В это время кто-то подошел к двери и позвонил (вскоре стало известно, что это были Подъяпольские[132]— Гриша и его жена Маша — и Таня Ходорович[133]). Посетители заволновались, велели нам молчать и на всякий случай перейти в другую, более далекую от двери комнату. Там высокий продолжал свои угрозы:
— „Черный сентябрь“ действует без предупреждения. Для вас мы сделали исключение. Но второго предупреждения не будет.
Скомандовав нам:
— Не выходить за нами из комнаты!
они вдруг мгновенно исчезли из комнаты, бесшумно выскользнув через входную дверь. Мы бросились к телефону, но позвонить оказалось невозможно — уходя, посетители каким-то орудием (кинжалом или ножом) перерезали провод.

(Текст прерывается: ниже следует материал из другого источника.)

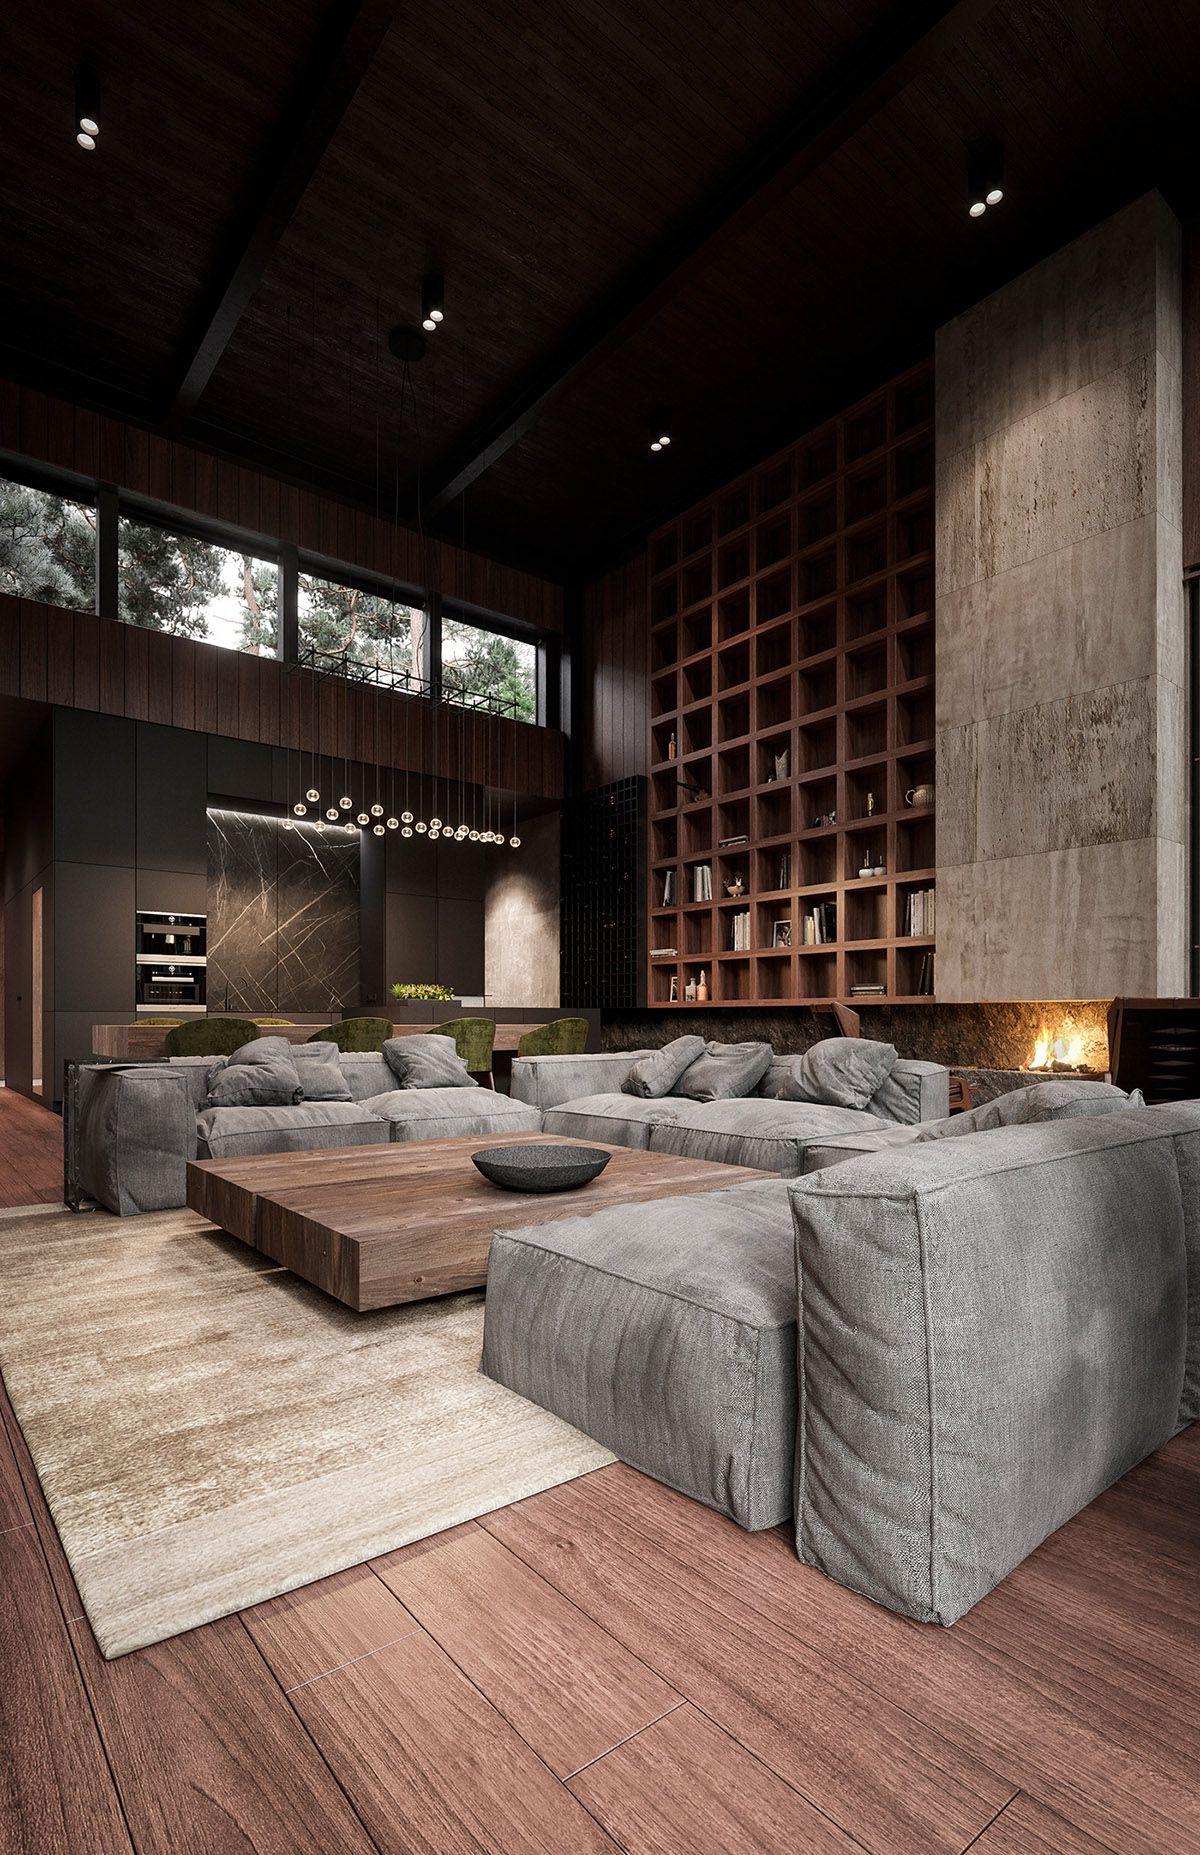 Rich Exquisite Modern Rustic Home Interior Minimalism

Минут через десять квартира наполнилась людьми — вернулись Таня Ходорович и Подъяпольские; оказывается, они слышали голоса через дверь и, когда никто не открыл на их звонок, решили, что у нас обыск, и пошли позвонить из автомата Руфи Григорьевне, Тане и Реме и тем из наших друзей, кому смогли дозвониться. Руфь Григорьевна вместе с Ремой и Таней примчались через 20 минут; Таня при этом держала на руках маленького Мотеньку (Матвея). Вскоре приехали и другие (Твердохлебов[134], услышав, что у нас был „Черный сентябрь“, воскликнул:
— А я думал, „Красный октябрь“!).
Было неприятно сидеть с вооруженными террористами и слушать их угрозы. Но самым неприятным в этом визите было упоминание детей и внука. По-видимому, наши посетители действительно были арабы-палестинцы, быть может даже из „Черного сентября“. Но, несомненно, все их действия проходили под строжайшим контролем и, вероятно, по инициативе КГБ — хотя, возможно, они об этом не знали (они все время чего-то боялись)…
Угрозы убийства детей и внуков, которые мы впервые услышали от палестинцев (подлинных или нет) в октябре 1973 года, в последующие годы неоднократно повторялись.» (А. Д. С., «Воспоминания», [3] стр. 561–564).

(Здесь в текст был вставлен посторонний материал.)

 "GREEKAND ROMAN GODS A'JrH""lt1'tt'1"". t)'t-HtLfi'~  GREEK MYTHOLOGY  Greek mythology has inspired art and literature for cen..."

1974. «Московское обращение» в защиту Солженицына. Основан Фонд помощи детям политзаключенных. Операция тиреотоксикоза в Ленинграде. Отдых в Сухуми. Обострение глаукомы. Бесполезный месяц в глазной больнице и срочная выписка из нее. Новые угрозы детям, зятю, внуку.

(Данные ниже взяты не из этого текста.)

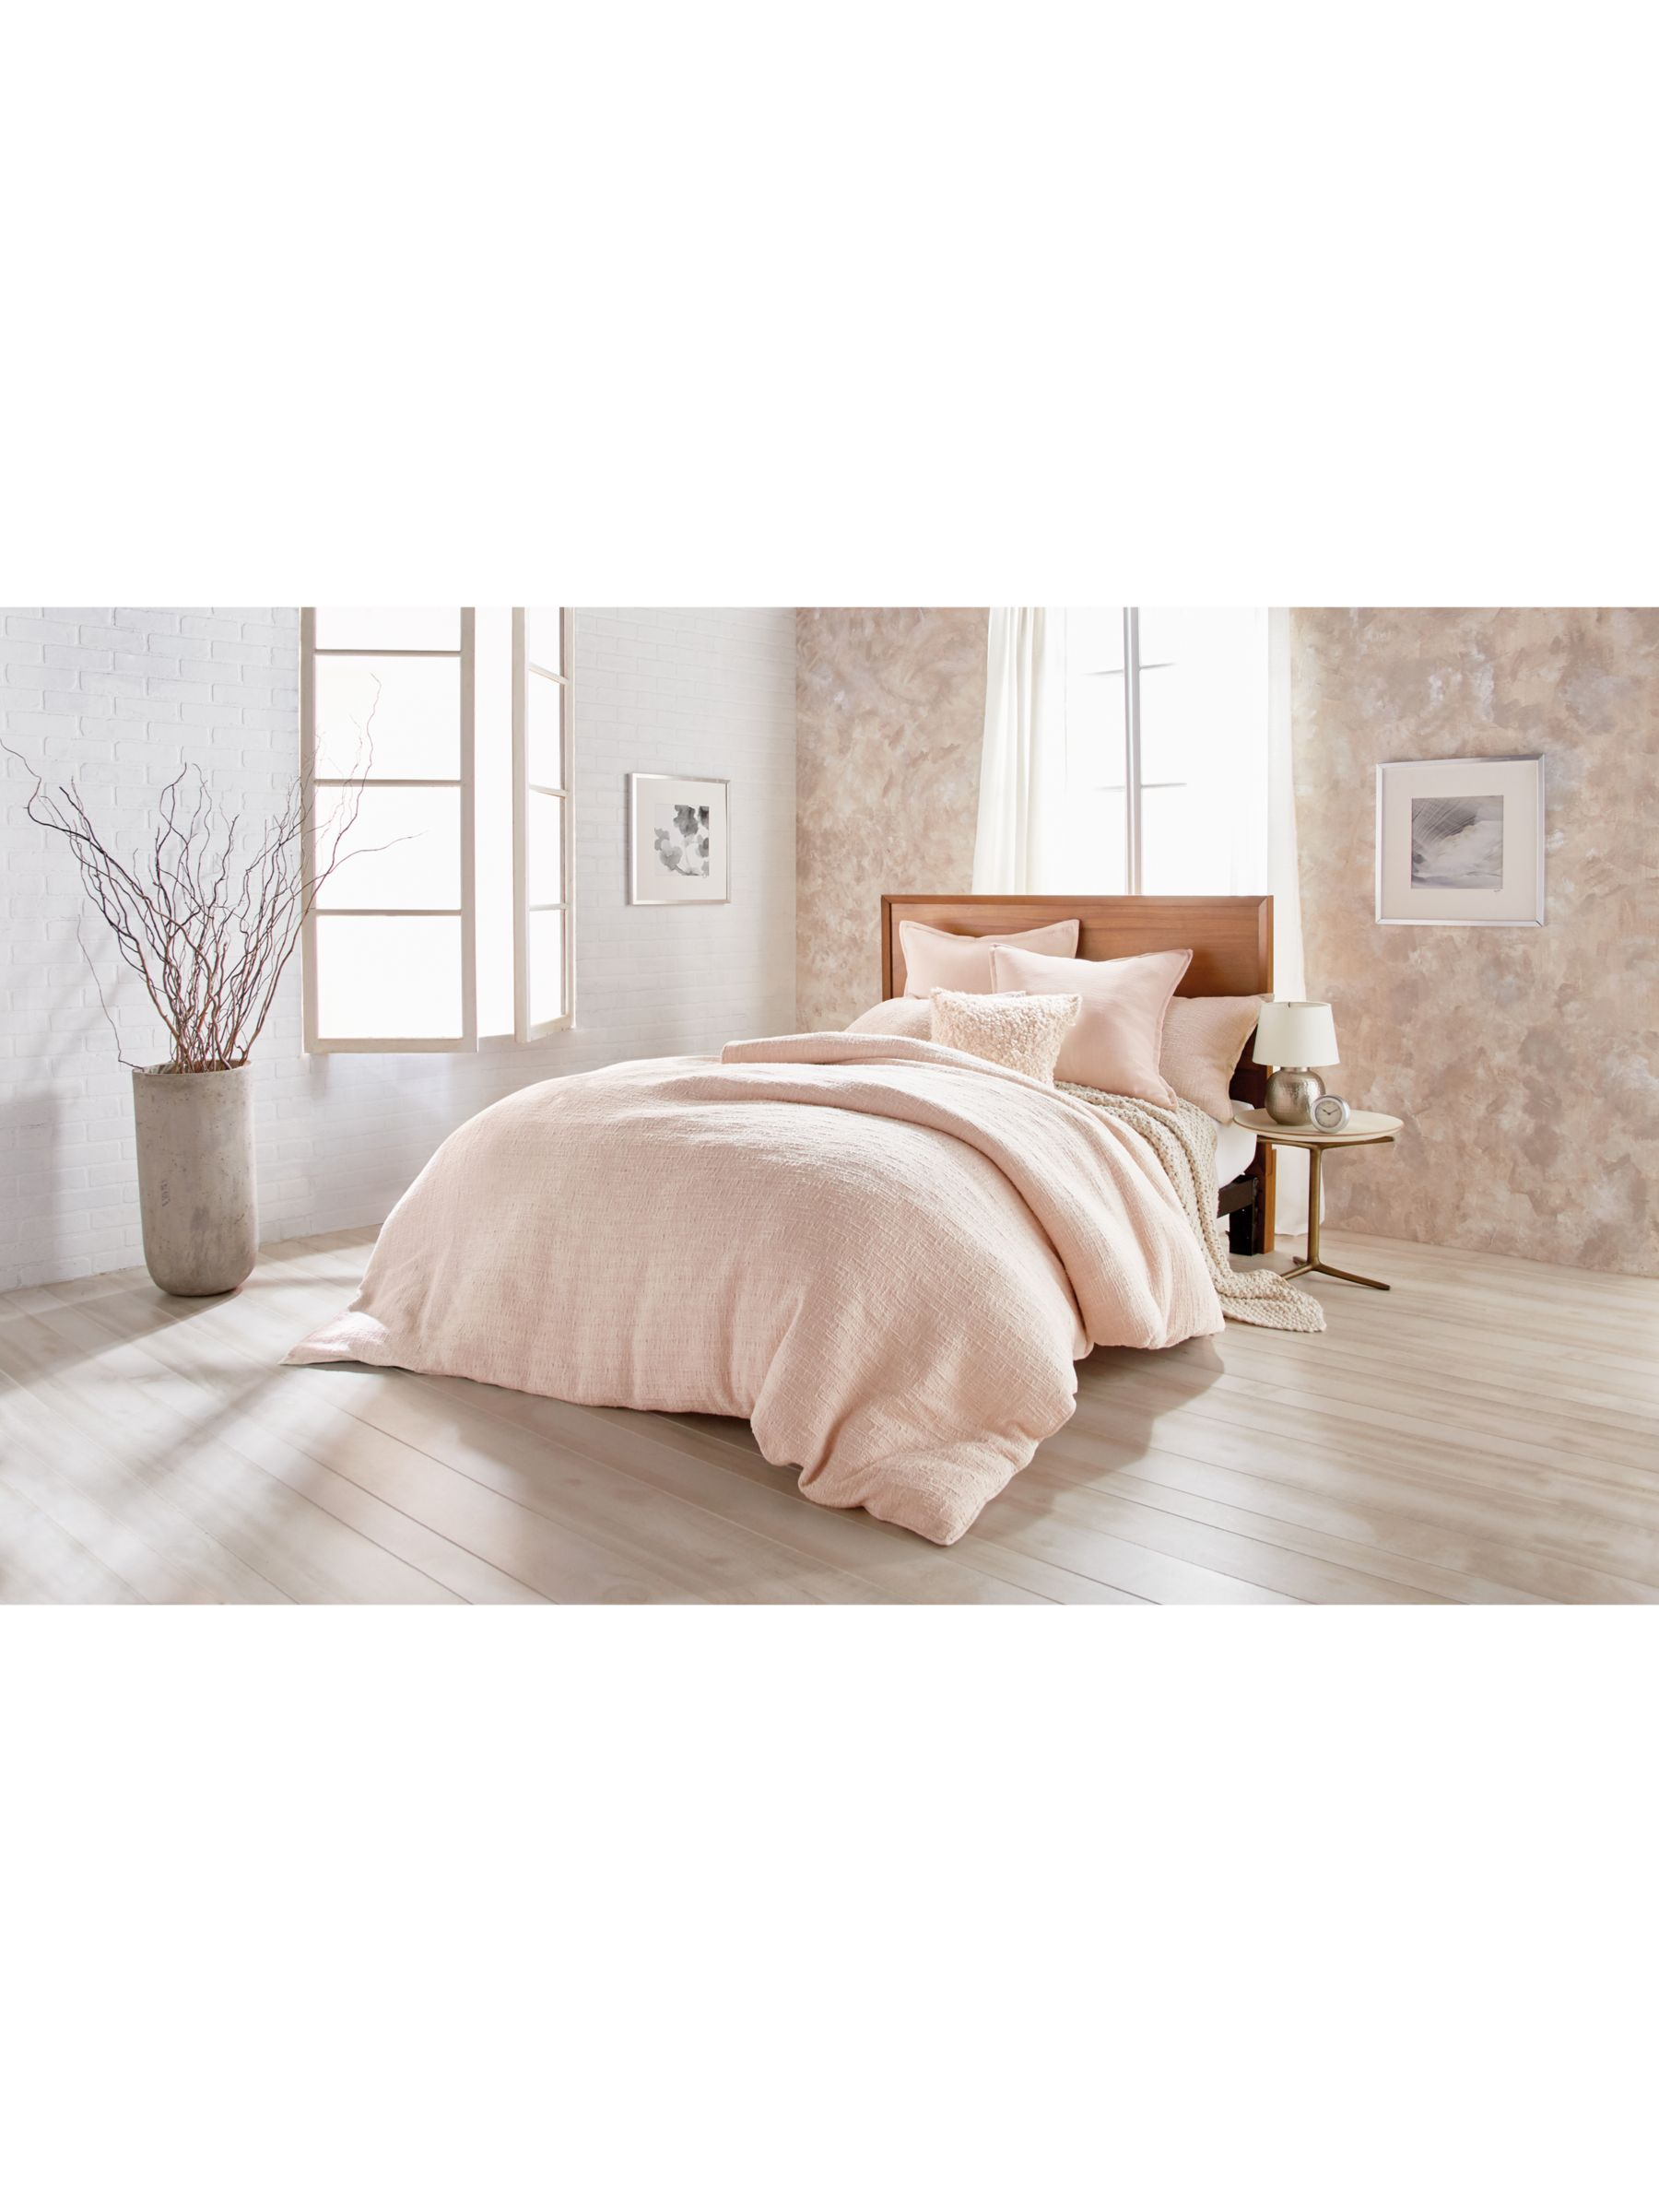 Dkny Texture Blush Bedding At John Lewis Partners

«В начале января к нам неожиданно пришел приемный сын Александра Исаевича, тринадцатилетний Митя — сын Н. Светловой[135]от первого брака. Было время утреннего завтрака, и Люся предложила ему выпить стакан чаю. Но он отказался. С первого взгляда меня поразила какая-то особенная торжественность в его облике и глаза — отчаянно сверкающие, серьезные, счастливые и гордые. Мальчик прошел в ванную и извлек прикрепленную на спине книгу, вручив ее нам. Это был первый том „Архипелага ГУЛАГ“. Уже через 10 минут мы оба — Люся и я — читали эту великую книгу (о которой уже более недели озлобленно и подло писала советская пресса и ежедневно сообщало западное радио). В отличие от большинства людей на Западе и многих в нашей стране мы хорошо знали бесчисленные факты массовой жестокости и беззакония в мире ГУЛАГа, представляли себе масштабы этих преступлений. И все же и для нас книга Солженицына была потрясением. Уже с первых страниц в гневном, скорбном, иронически-саркастическом повествовании вставал мрачный мир серых лагерей, окруженных колючей проволокой, залитых беспощадным электрическим светом следовательских кабинетов и камер пыток, столыпинских вагонов, ледяных смертных забоев Колымы и Норильска — судьба многих миллионов наших сограждан, оборотная сторона того бодрого единодушия и трудового подъема, о котором пелись песни и твердили газеты.
Через несколько дней я примкнул к коллективному письму, требовавшему оградить Солженицына от нападок и преследований, отдававшему должное „Архипелагу“ и трагической судьбе его героев-заключенных. Вместе с Максимовым[136]и Галичем я был одним из авторов этого письма. В следующие дни я дал несколько (более десяти) интервью об „Архипелаге“ и Солженицыне, в том числе — по международному телефону швейцарской газете и немецкому журналу. Много спустя я узнал, что эти интервью были напечатаны (во всяком случае, большая часть из них).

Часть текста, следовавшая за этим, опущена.